Sustainable development in procurement

Thibaut Maenner

Thibaut Maenner

Consultant - Procurement

Sustainable procurement – ESG approach

Sustainable procurement is closely linked to ESG (Environmental, Social, and Governance) issues. Indeed, corporate priorities have changed, especially over the past five years. Companies no longer see procurement solely as a means of reducing costs, but also as an opportunity to make a positive impact. Irresponsible sourcing practices, such as excessive offshoring or the use of unethical labor, must be abandoned.

To reduce the impact of the supply chain, it is essential to select environmentally-friendly materials, processes and modes of transport. In addition, natural resources must be used responsibly, and human rights must be respected throughout the supply chain.
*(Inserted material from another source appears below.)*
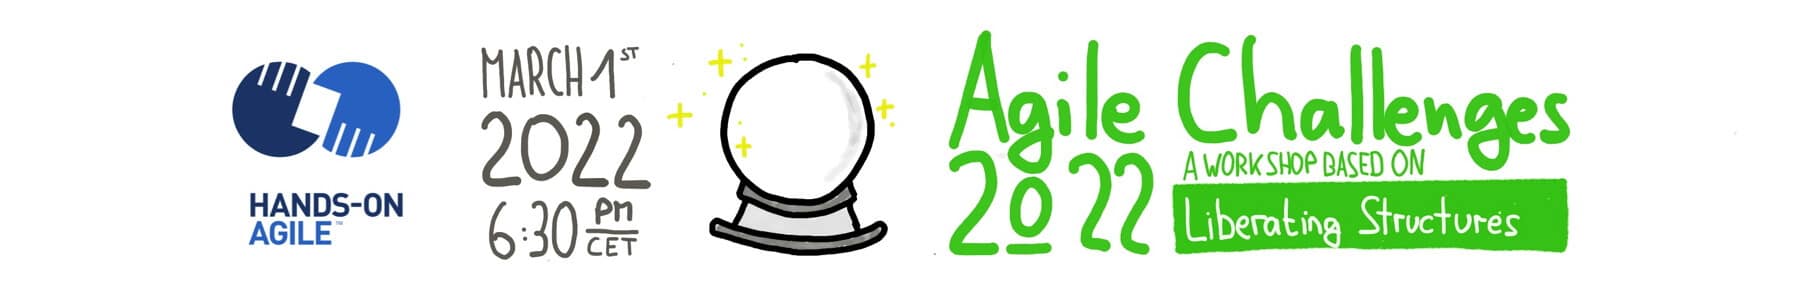 Hands-on Agile #39: Agile Challenges 2022 — Berlin Product People GmbH

Collecting and analyzing the data needed to assess the impact of the supply chain was difficult in the past. Not least because of the many suppliers companies work with, the different products that make up their range, and the huge investment required to manage such a mass of information. However, the emergence of new technologies and systems now makes it possible to process this information efficiently and access global data.

Last May, the C2.0 team took part in the Gartner SCM Supply Chain ESG Symposium in Orlando, Florida. One of the key issues discussed at the event was data availability. Despite the evolution of technology, supplier and internal data remains very limited, posing a challenge to accurately assess the impact and benefits associated with ESG criteria related to procurement.

Levers to reduce the impact of our supply chain

It is essential to involve all levels of the organization in ESG objectives, and to set measurable targets. It’s also important to engage suppliers, to strike a balance between costs incurred and impacts avoided, and to implement sustainable programs to guarantee meaningful results. As far as targets are concerned, indicators such as the CO2/km emissions of products purchased, the % of recycled packaging used or the proportion of suppliers certified to an ESG label are all factors on which companies can commit to making progress.

While the financial aspect is an essential lever, applying a sustainability lens in addition to price can deliver a good deal while guaranteeing other results. Case in point: a consumer goods company achieved $0.4 billion in electricity savings and a 12% reduction in carbon dioxide equivalent (CO2e) footprint by using sustainability-based approaches.

Digital tools, such as integrated purchasing solutions (S2P) and purchasing management platforms (P2P), offer opportunities to effectively apply these principles in day-to-day procurement operations. They make it possible to select suppliers committed to sustainable development, track suppliers’ carbon neutrality objectives, and highlight sustainable products.

In conclusion, the use of digital purchasing solutions and the commitment of all employees can help companies to anchor their approach in a virtuous and responsible way, while contributing to a sustainable future for our planet.